Innovation in IBOR – Ops2Tech

The investment book of record (IBOR) is a crucial component for a hedge fund manager, but is currently facing a number of challenges as managers search for alpha. Shankar Iyer, chief solutions officer at Viteos (an Intertrust company) , explains how innovation is helping hedge funds alleviate some of these pressures.
By Joe Parsons

Sponsored by Viteos

GC: What is the changing landscape for hedge funds that is driving IBOR

Shankar Iyer: Managers are searching for asset classes and products that can meet that level of performance demanded by investors. In the search for those products, they have realised it is not in standard, listed products such as equities, and instead they need to trade instruments like OTC products or illiquid alternatives that are not settled in a straight-through process. 

These products that managers trade have put pressure on the operations team that needs to track cash flows, carry out individual pricing, or building risk management modelling. This has led to demands for better internal systems. It is much more complicated than where you have a price, you have a scrip and you have the NAV; instead there is tremendous focus on things like cash flows, borrow, margin and collateral. This has all put pressure on what the investment book of records (IBOR) looks like, which has made demands of the middle and back office functions from both a people and technology perspective. 

GC: What choices are on offer for hedge funds to alleviate IBOR pressures?

SI: Fund administrators are sometimes the natural choice to go to for IBOR outsourcing, but the challenge firms have is that the fund admin book or technology is discrete from the hedge fund’s book or technology. 

Other outsourcing providers have grown in which their business model is based on being a  partner to the fund operations and building that infrastructure cooperatively to produce the IBOR. They operate like an extension of the hedge fund’s back-office in addressing this need.  While some fund administrators have taken the position of being an IBOR outsourcer by providing their own technology, they are not always the first choice firms have gone to. 

GC: What innovations can we expect to see for hedge funds to utilise their IBOR?

SI: Firms have looked to introduce work flow automation processes, technologies like machine learning and other tools to the IBOR process.  Many of these processes are repetitive and could use some level of robotics process automation (RPA), which really leads to even better straight-through processing (STP). While the case for distributed ledger technology (DLT) can be made in IBOR creation and management, it is still in the preliminary phase. Broadly speaking, there is much innovation happening that helps create that efficiency. 
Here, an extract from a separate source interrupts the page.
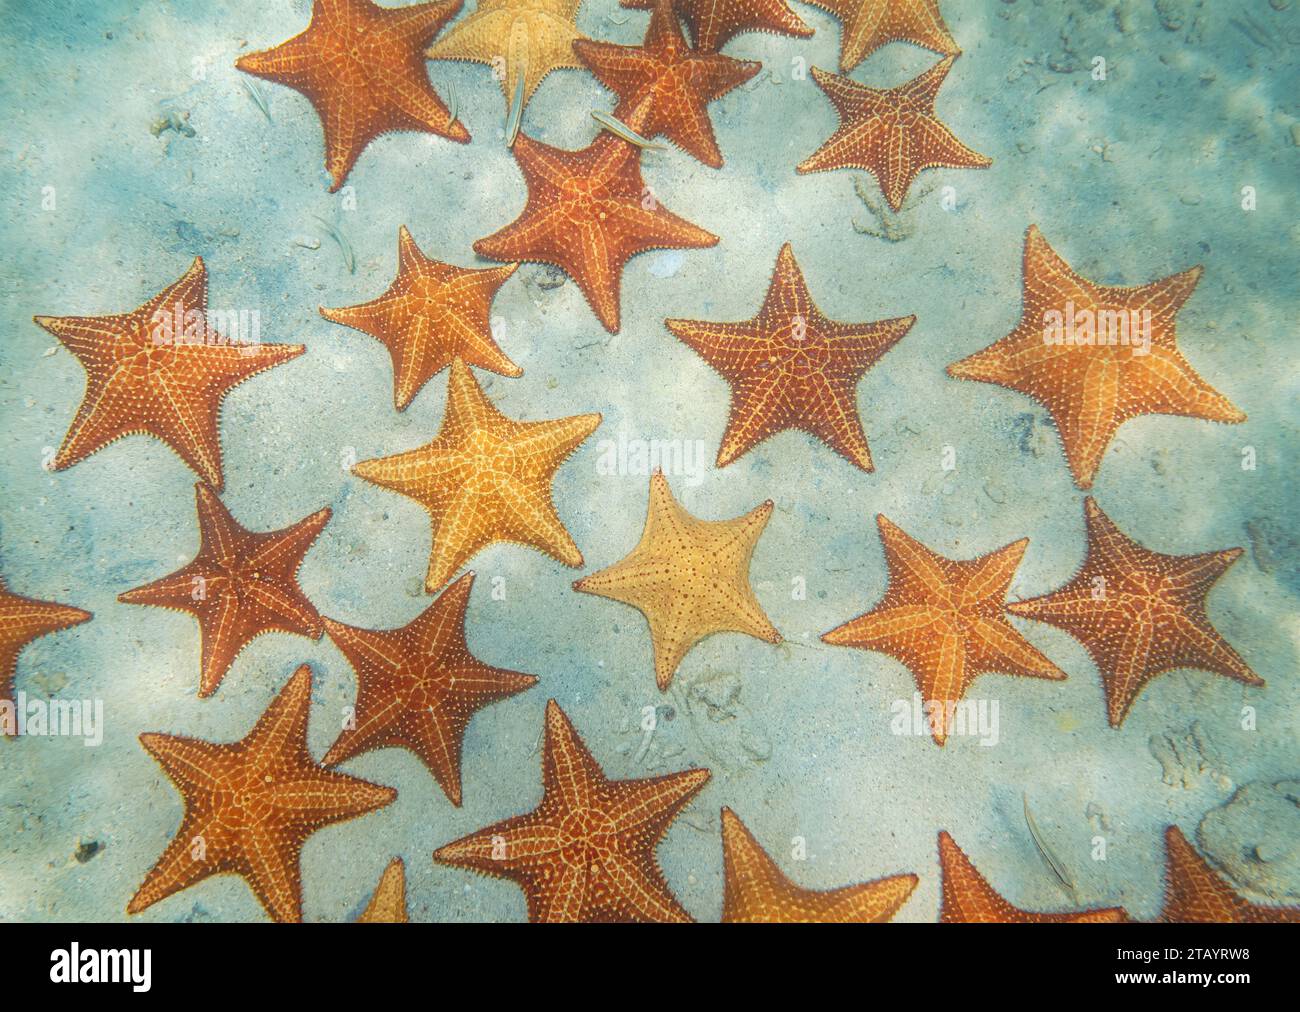 Sea stars Oreaster reticulatus underwater on a sandy seabed seen from above, Caribbean sea, natural scene Stock Photo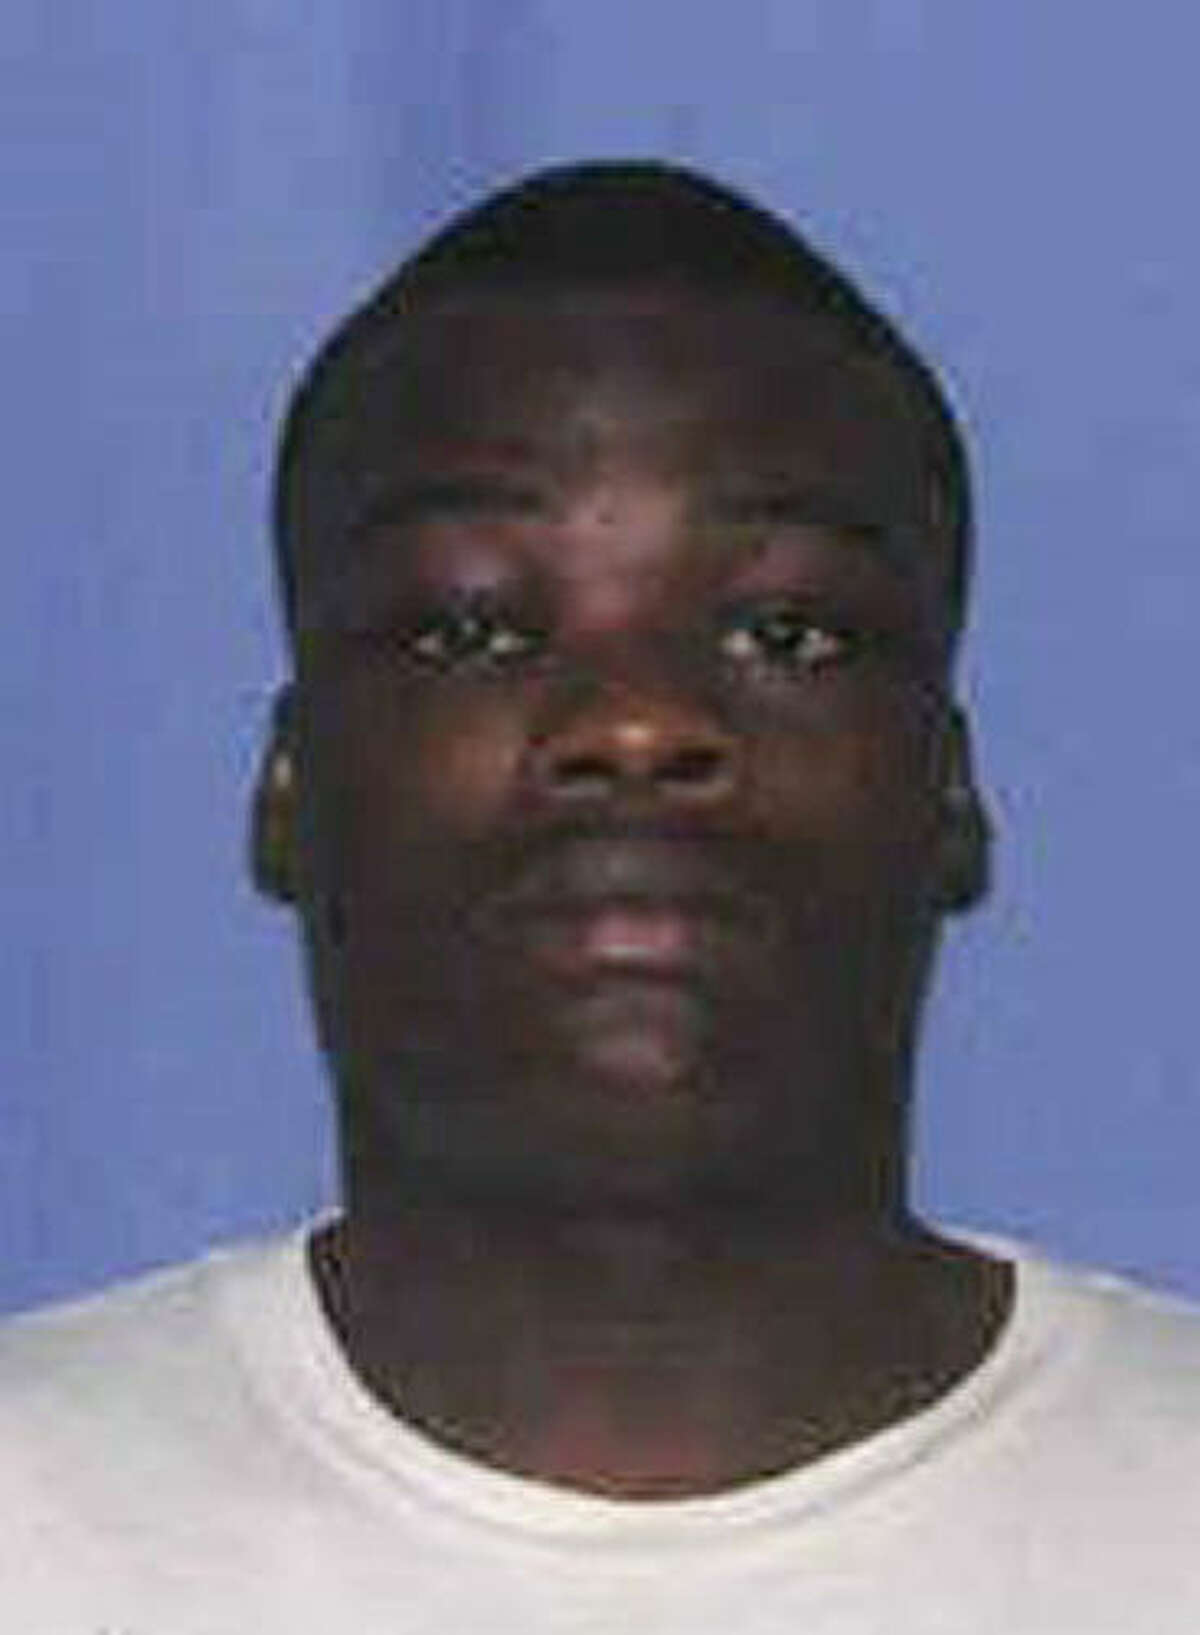 Jeremy Powell captured Smith's gun and shot him and himself, Jackson police say.

GC: How is Viteos providing new services in response to these changes? 

SI: We are bringing expertise and tools that eventually drive towards providing better insights. For example, we carried out a pilot for a hedge fund where we took all of their trades for a past period, and analysed the cost of placing them through the most optimally priced broker versus the ones they were using out of habit or relationship. We were able to show they could have saved a few million dollars if they had leveraged technology in making the determination of where to place their trades.  Efficiency through better processes and technology is not just a cost advantage but in many situations can result in  quicker processing and turnaround times, leading to better decision-making. 

A concept of what Viteos has been practising over the years is what we call Ops2Tech; where we rapidly turn operations into tech for each applicable process as our technology works to deliver the solutions requested by decision makers—tech that we own, manage, and continuously improve. The real value proposition is the continuous improvement of operations by employing automation solutions each day that improve STP.